A maioria dessas guerras foi devastadora -e perdida pelo lado árabe. Seu impacto tem sido real nas vidas dos palestinos e de boa parte das populações de Egito, Síria, Jordânia, Líbano e outros. A questão dos refugiados palestinos e do derramamento contínuo de sangue -agora mostrado pela TV- constituem lembranças diárias do senso amplamente difundido de fraqueza e humilhação no mundo árabe.
A Palestina, em especial, se tornou uma questão de identidade para a maioria dos árabes. Embora seu papel não seja idêntico, possui semelhanças com o que Israel hoje tem na identidade judaica: podemos nos opor a Ariel Sharon, mas, se a sobrevivência de Israel parece estar ameaçada e inocentes são mortos, é difícil não nos unirmos em sua defesa.
Ao longo dos anos, muitos governos árabes e outros exploraram a questão palestina em vantagem própria. Quando a coalizão cercou Bagdá, Saddam declarou: ""Viva o Iraque! Viva a Palestina!". São atos de manipulação. Mas usam a questão palestina precisamente porque não há outra que mexa tanto com as pessoas na região, atuando como atalho para seu senso de identidade coletiva.
Nos sistemas políticos autoritários do mundo árabe, a opinião pública é, ao menos em parte, produto do que o governo diz ou faz.
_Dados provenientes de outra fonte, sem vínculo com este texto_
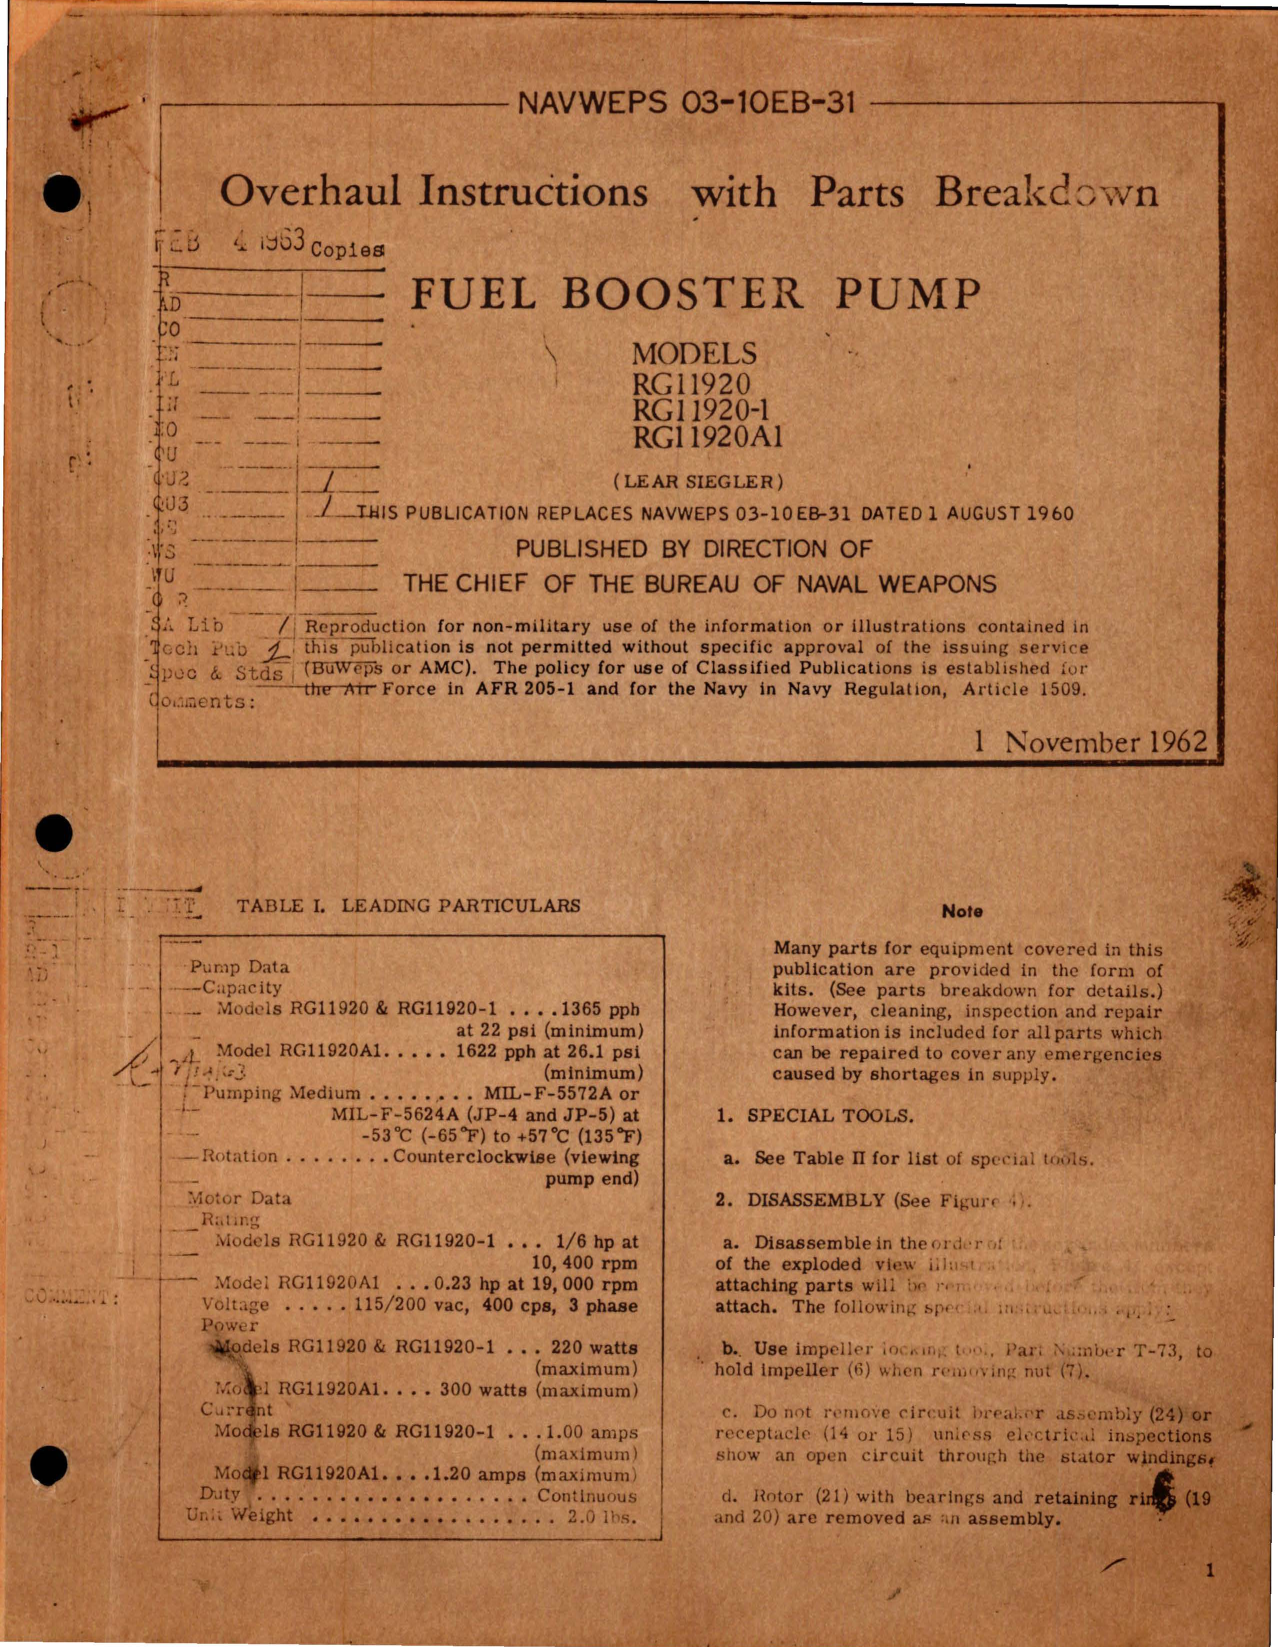 Sample page 1 from AirCorps Library document: Overhaul Instructions with Parts for Fuel Booster Pump - Models RG11920, RG11920-1, RG11920A1

Mas seria um erro supor que a maior parte da visão que se tem do conflito árabe-israelense seja fruto do controle do governo.
Os países que têm tido paz com Israel e relações estreitas com os EUA e que são dependentes deles, como Egito e Jordânia, se tornaram objetos da ira de suas populações devido à emoção crescente que envolve a questão.
Apesar dos esforços do governo, a opinião pública na Jordânia continua a reagir aos acontecimentos na Cisjordânia e na Faixa de Gaza, criando desafios sérios para a monarquia. E, apesar das tentativas do governo egípcio de reduzir o repúdio público aos EUA (porque entende-se que esse repúdio pode se voltar contra o próprio presidente, Hosni Mubarak), a fúria não arrefeceu.
Sempre haverá muitos no mundo árabe que irão se opor aos EUA por razões ideológicas e outras. O verdadeiro desafio consiste em marginalizar esses grupos.
A região enfrenta sua batalha potencial própria entre as forças da intolerância e da militância, de um lado, e, do outro, aqueles que buscam a tolerância, as reformas e a solução pacífica das disputas.
A responsabilidade por essa batalha é em grande medida das forças da própria região, e é delas a responsabilidade última de pôr fim ao conflito árabe-israelense. Mas a continuação do sofrimento visível gerado por esse conflito acaba beneficiando as forças que os EUA querem ver derrotadas.
Quando refletimos sobre o futuro da política americana na região após a guerra do Iraque, algo permanece igual: nenhuma estratégia que vise reduzir a militância, o antiamericanismo e a repressão no Oriente Médio poderá dar certo se não for priorizado um esforço para mediar uma paz justa entre árabes e israelenses.